*INPUT DATA:*
-------
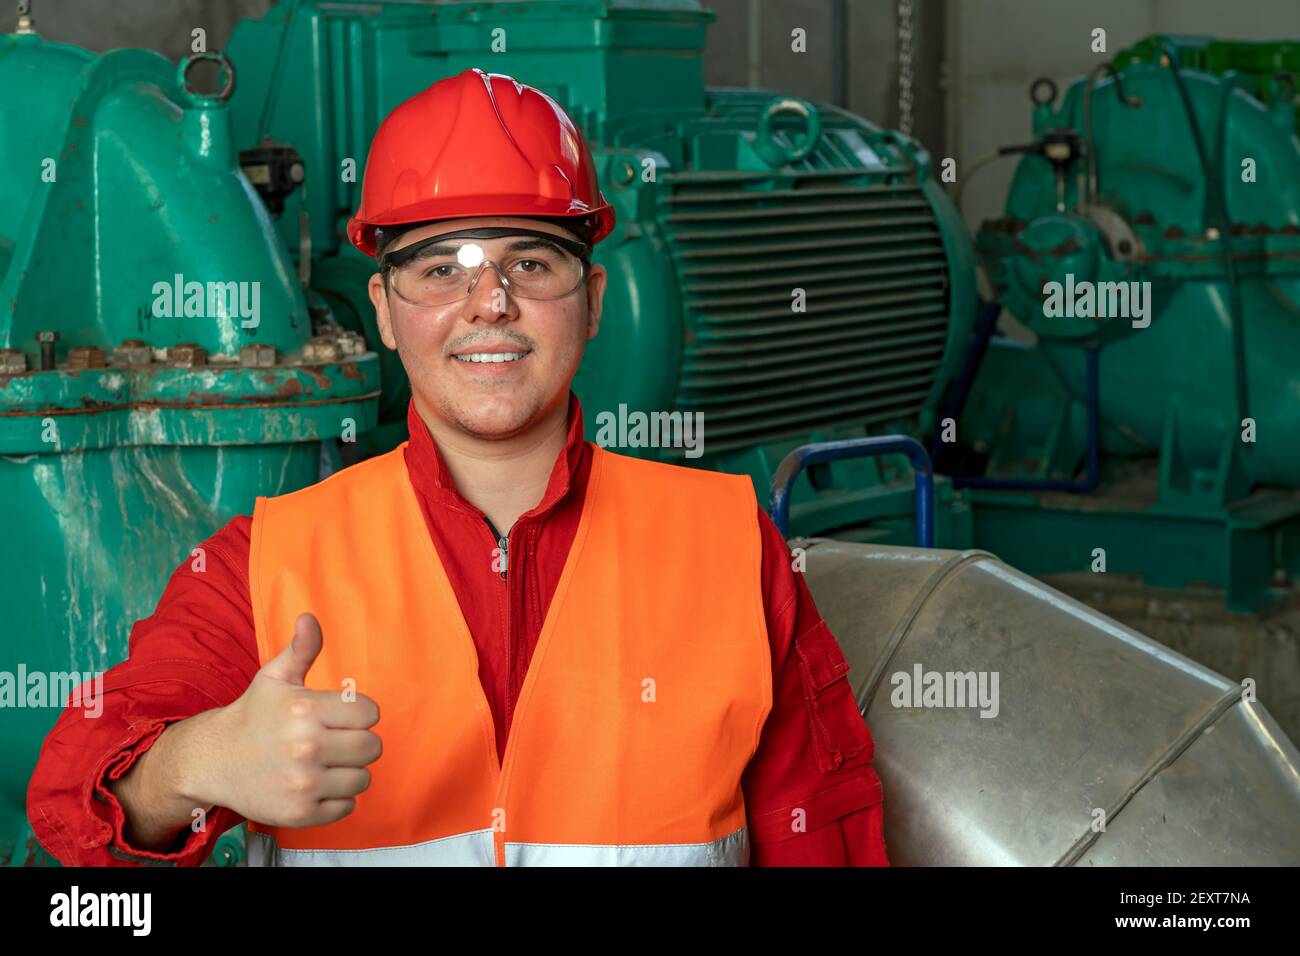 Porträt eines lächelnden jungen Arbeiters mit Daumen nach oben im Fernwärmekraftwerk. Arbeiter in persönlicher Schutzausrüstung, der die Kamera betrachtet. Stockfoto
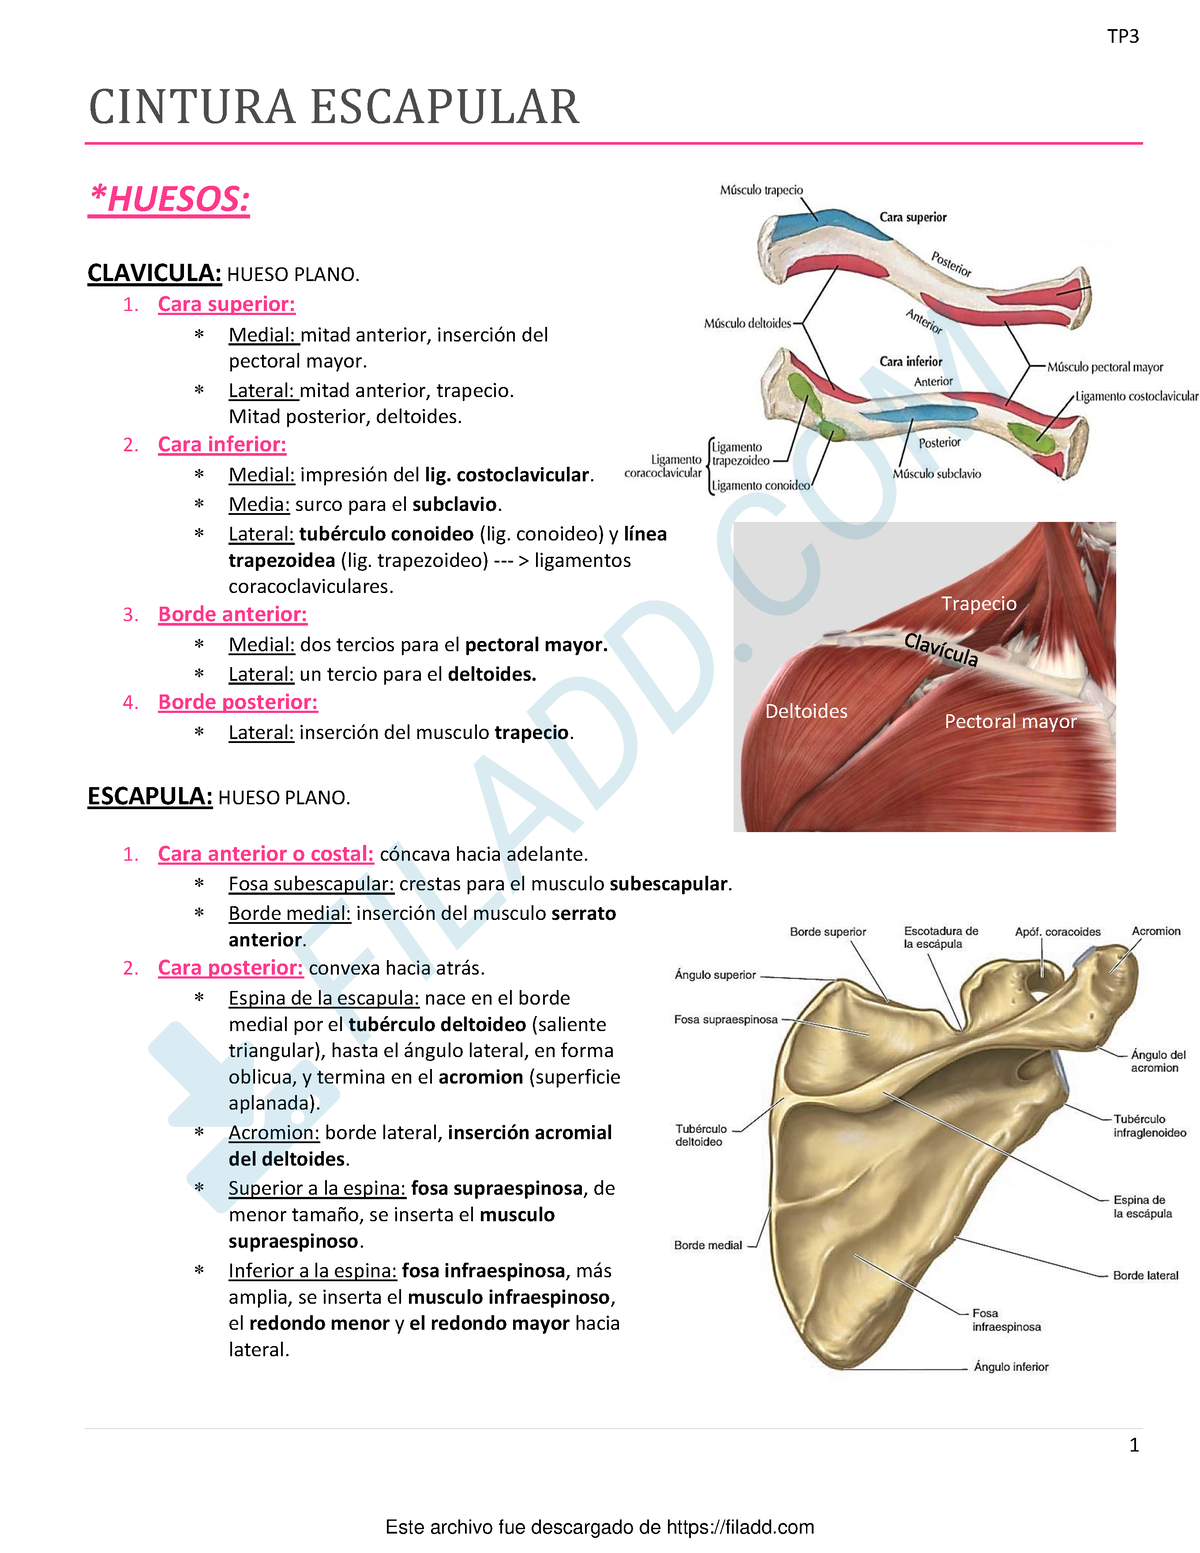 Resumen de Cintura Escapular - Anatomia Cat2 (biblio: Latarjet y
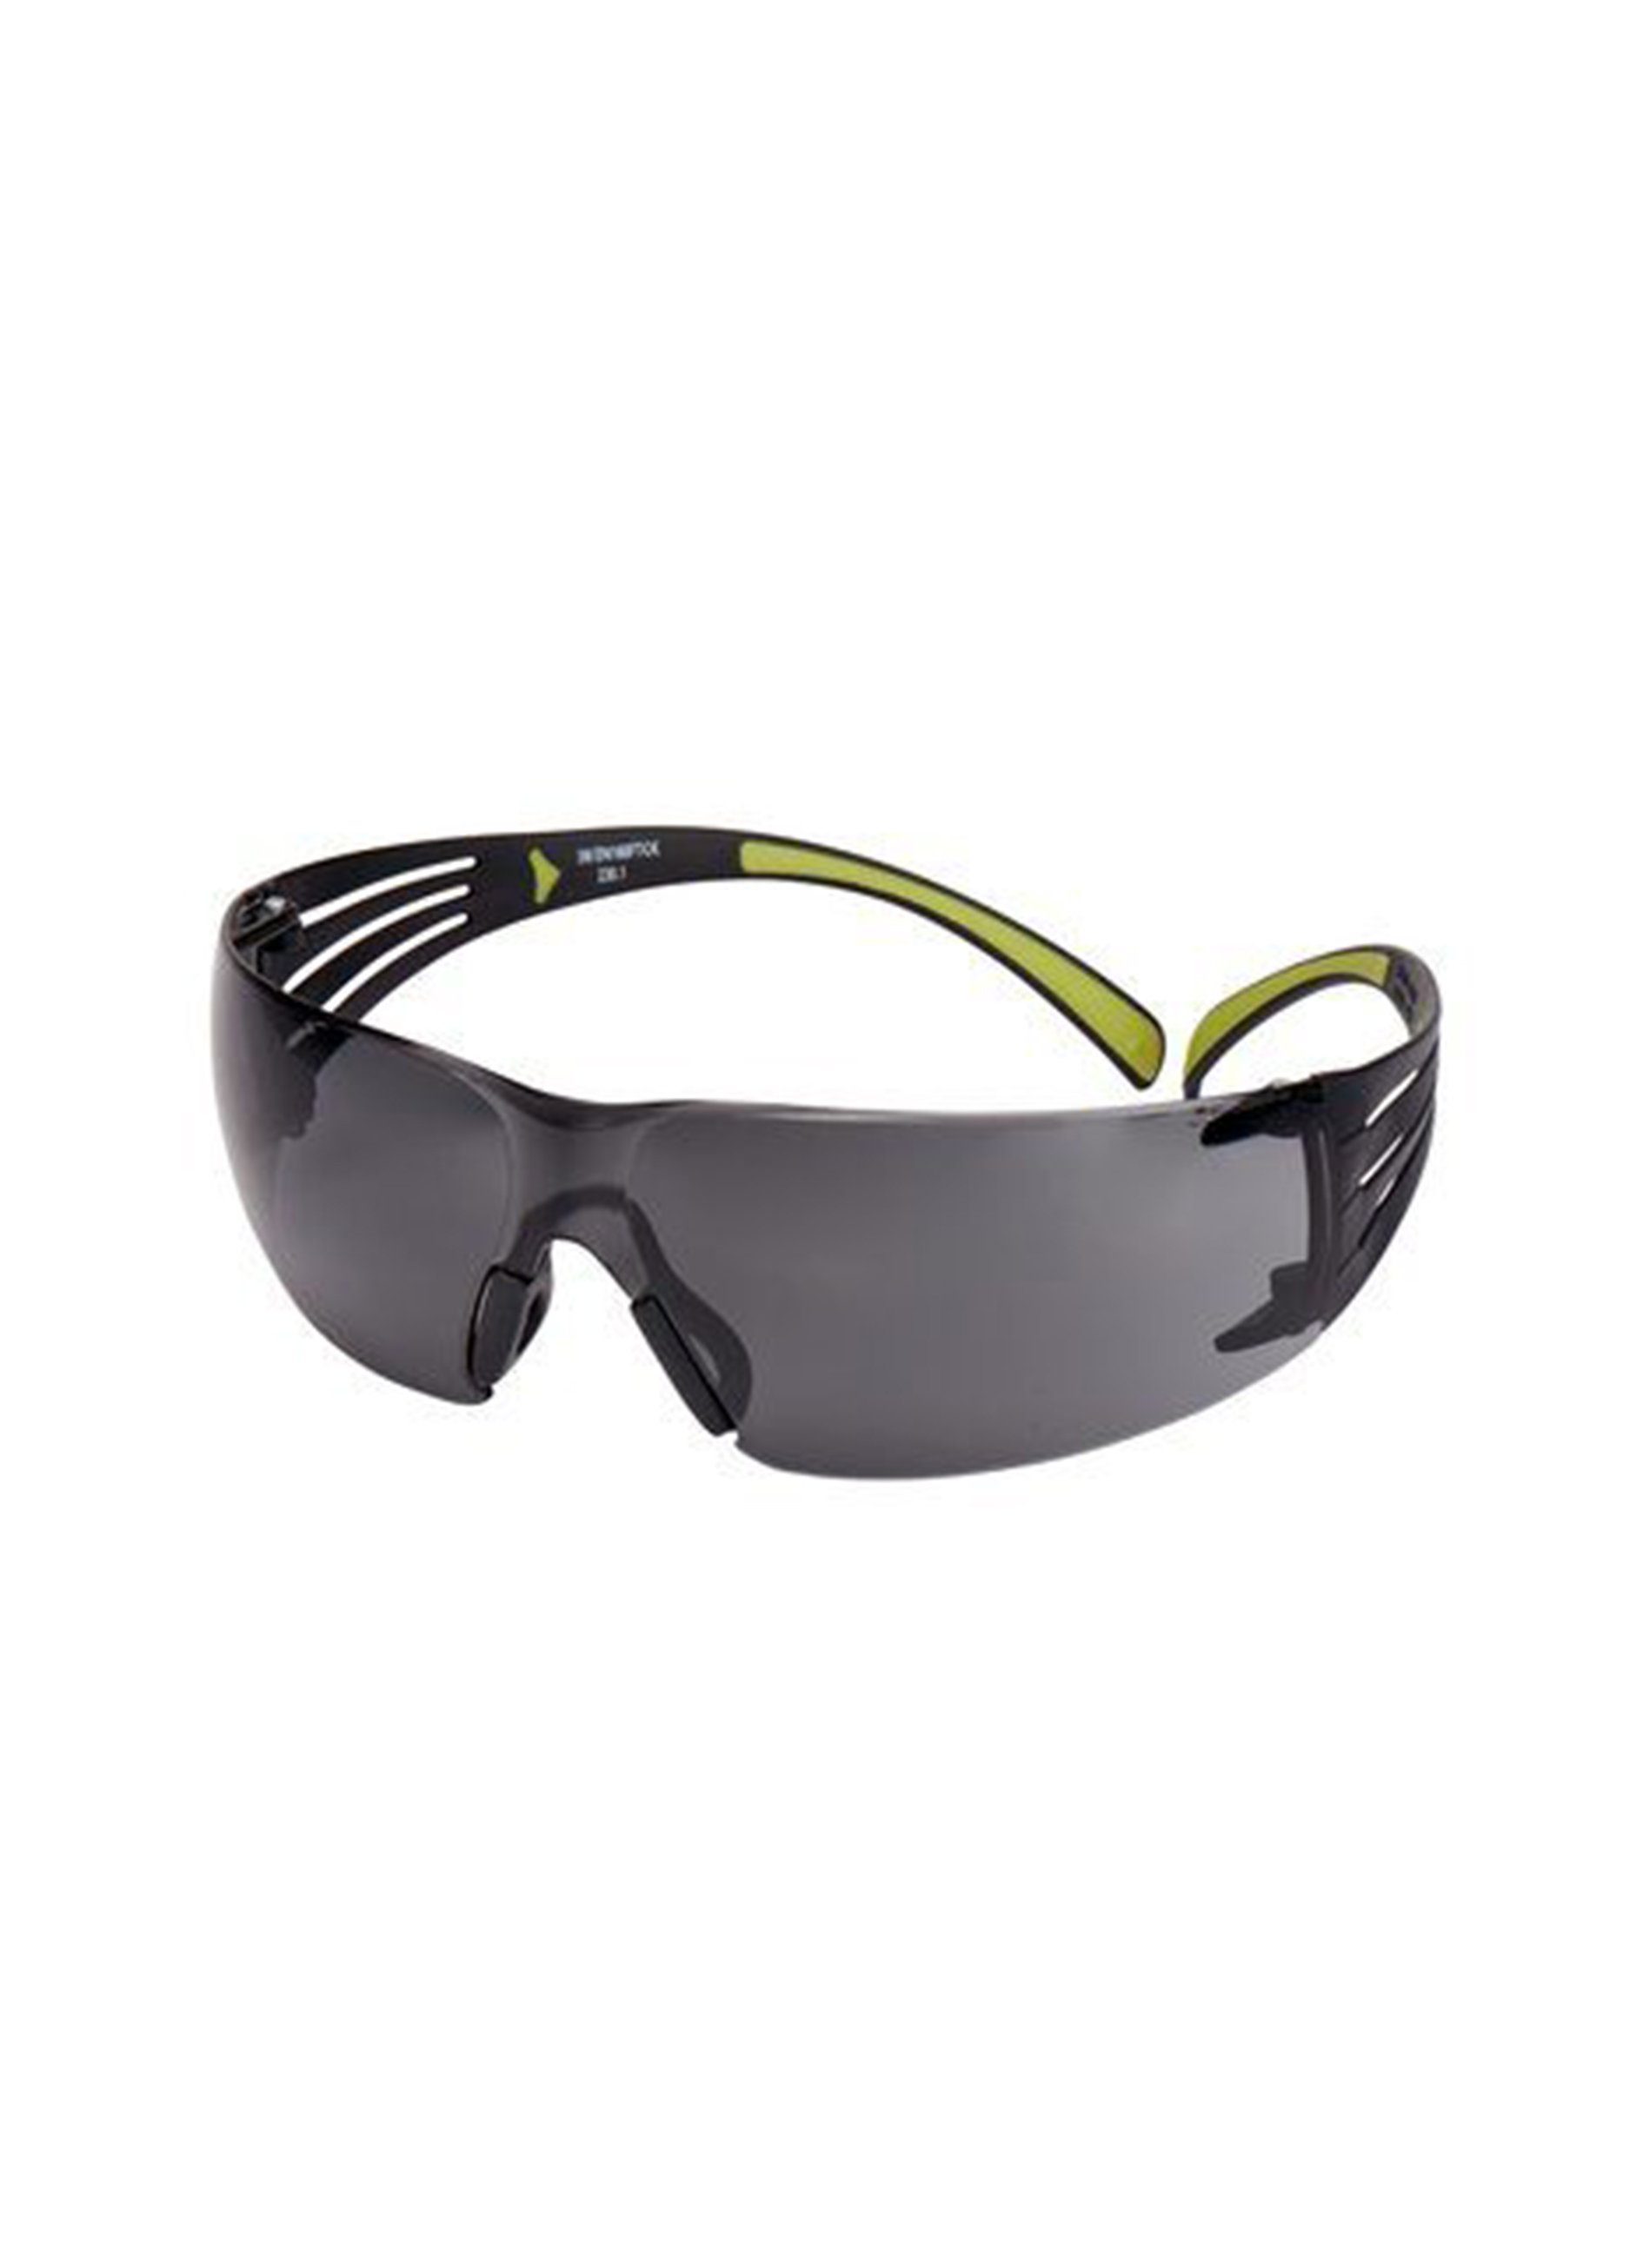 3M Brille 3M™ SecureFit™ Sichtfeld, leicht graue hervorragenden (19g) Schutz Schutzbrille, ein Scheibe, gutes 400 sehr Bügel, schwarz/grüne bietet Antikratz-/Antibeschlag-Beschichtung, sowie
-------
*DIRECTIONS:* Your copy must repeat the data word for word and show none of its images.

*RESULT FOR THIS EXERCISE:*
 Porträt eines lächelnden jungen Arbeiters mit Daumen nach oben im Fernwärmekraftwerk. Arbeiter in persönlicher Schutzausrüstung, der die Kamera betrachtet. Stockfoto
 Resumen de Cintura Escapular - Anatomia Cat2 (biblio: Latarjet y
 3M Brille 3M™ SecureFit™ Sichtfeld, leicht graue hervorragenden (19g) Schutz Schutzbrille, ein Scheibe, gutes 400 sehr Bügel, schwarz/grüne bietet Antikratz-/Antibeschlag-Beschichtung, sowie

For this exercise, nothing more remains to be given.